■ **Data provided**

::::::::::

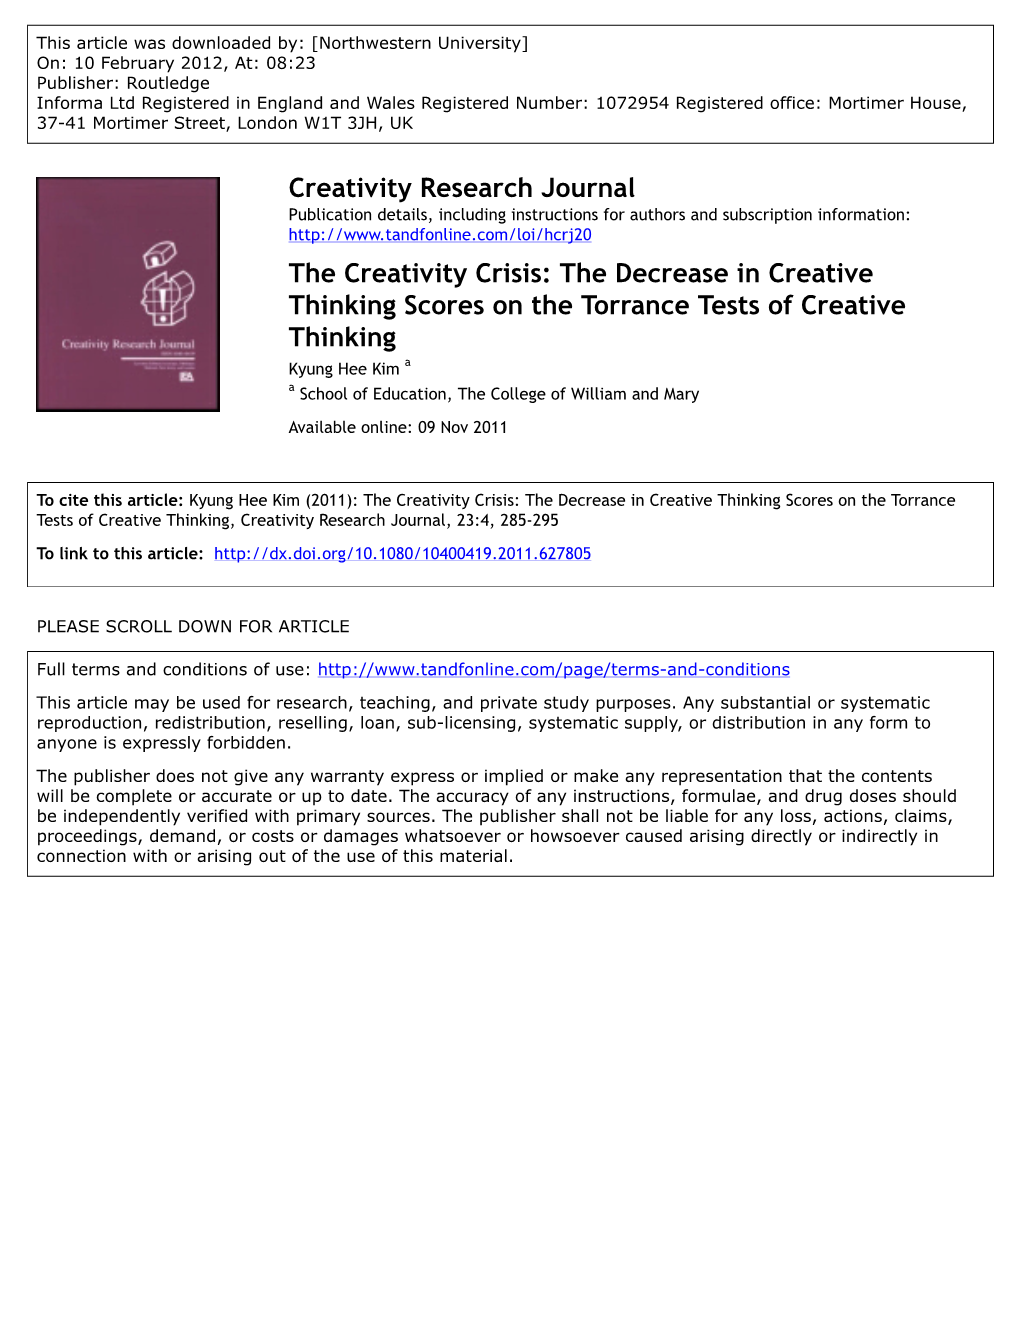 Creativity Research Journal the Creativity Crisis: the Decrease In
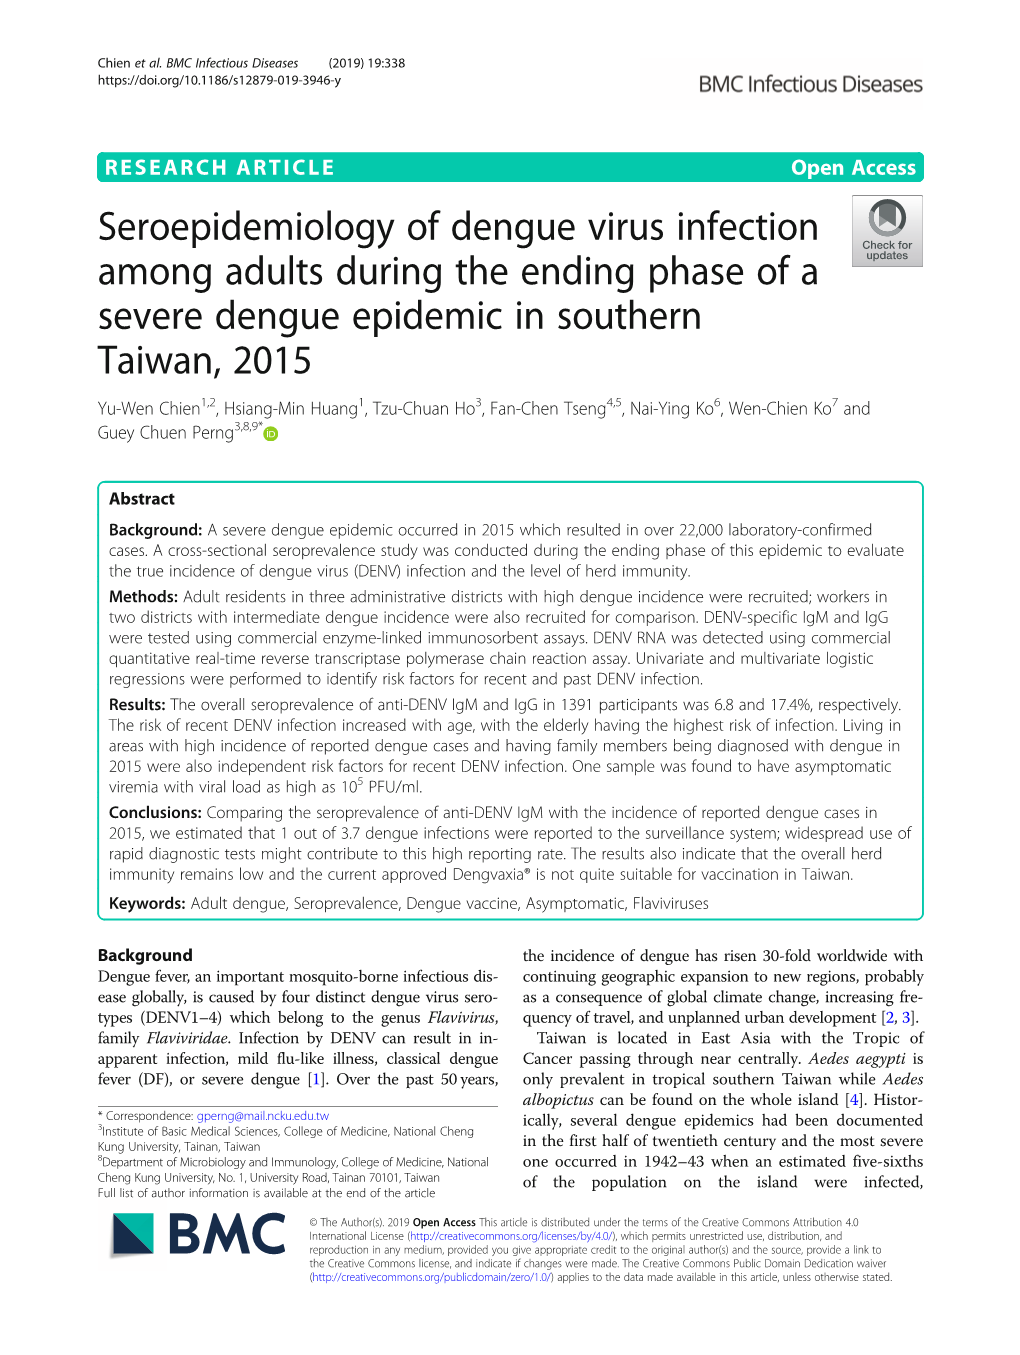 Seroepidemiology of Dengue Virus Infection Among Adults During the Ending Phase of a Severe Dengue Epidemic in Southern Taiwan
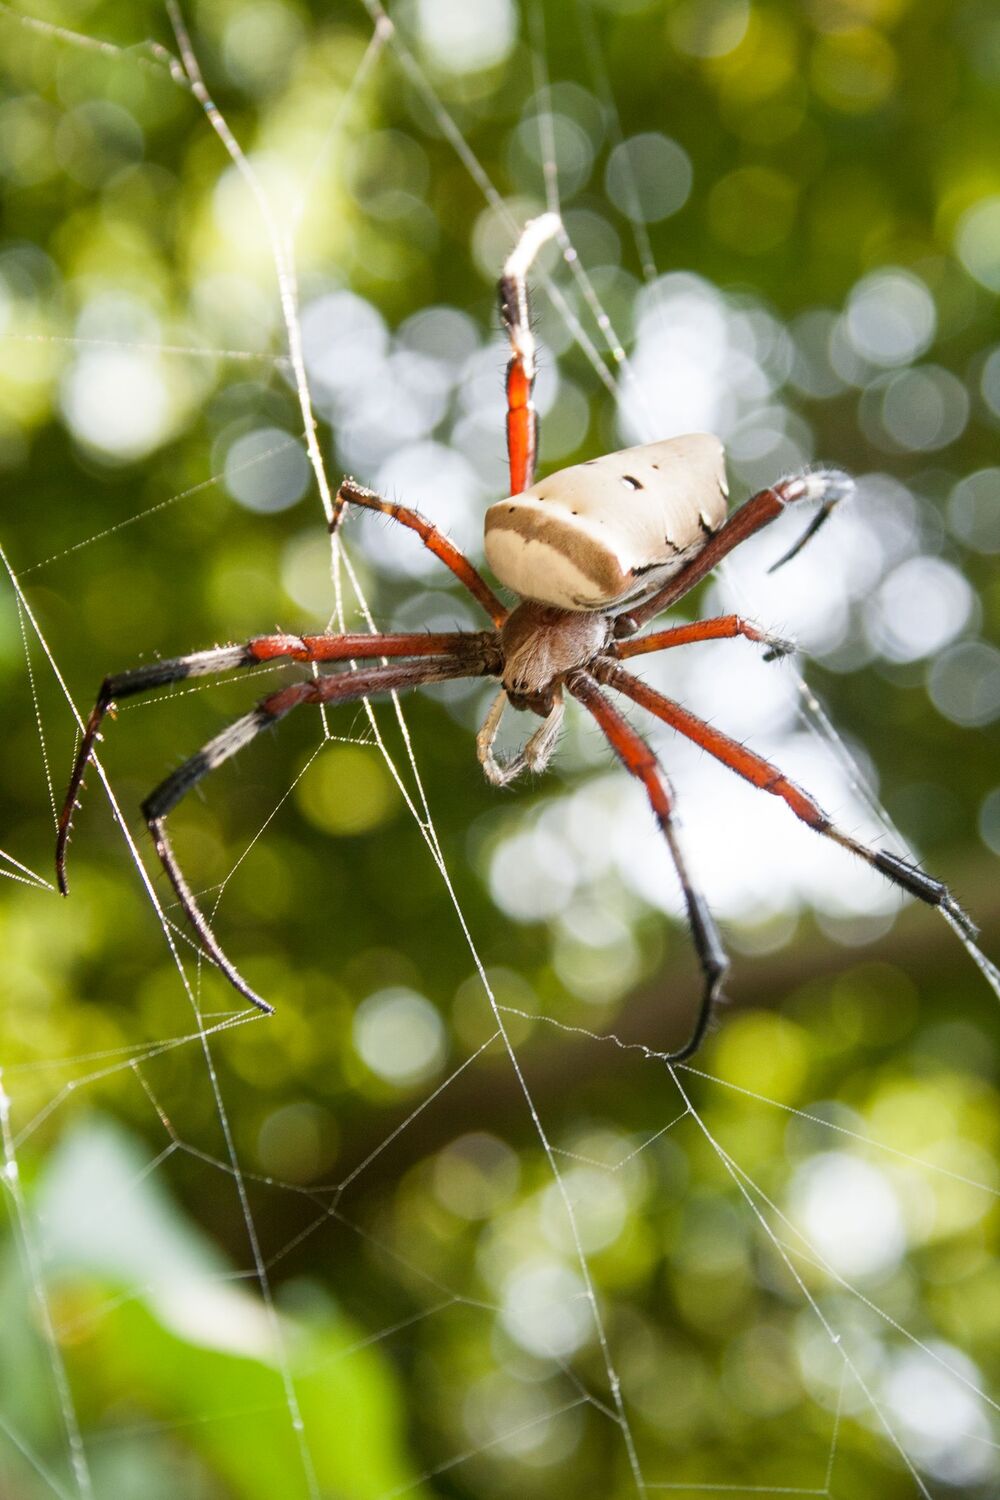 A web-spinning spider: one of the hunter arthropods of the forest

::::::::::

■ **What this task involves**
Restate every line above word for word. Do not carry over the images.

■ **Output**
 Creativity Research Journal the Creativity Crisis: the Decrease In
 Seroepidemiology of Dengue Virus Infection Among Adults During the Ending Phase of a Severe Dengue Epidemic in Southern Taiwan
 A web-spinning spider: one of the hunter arthropods of the forest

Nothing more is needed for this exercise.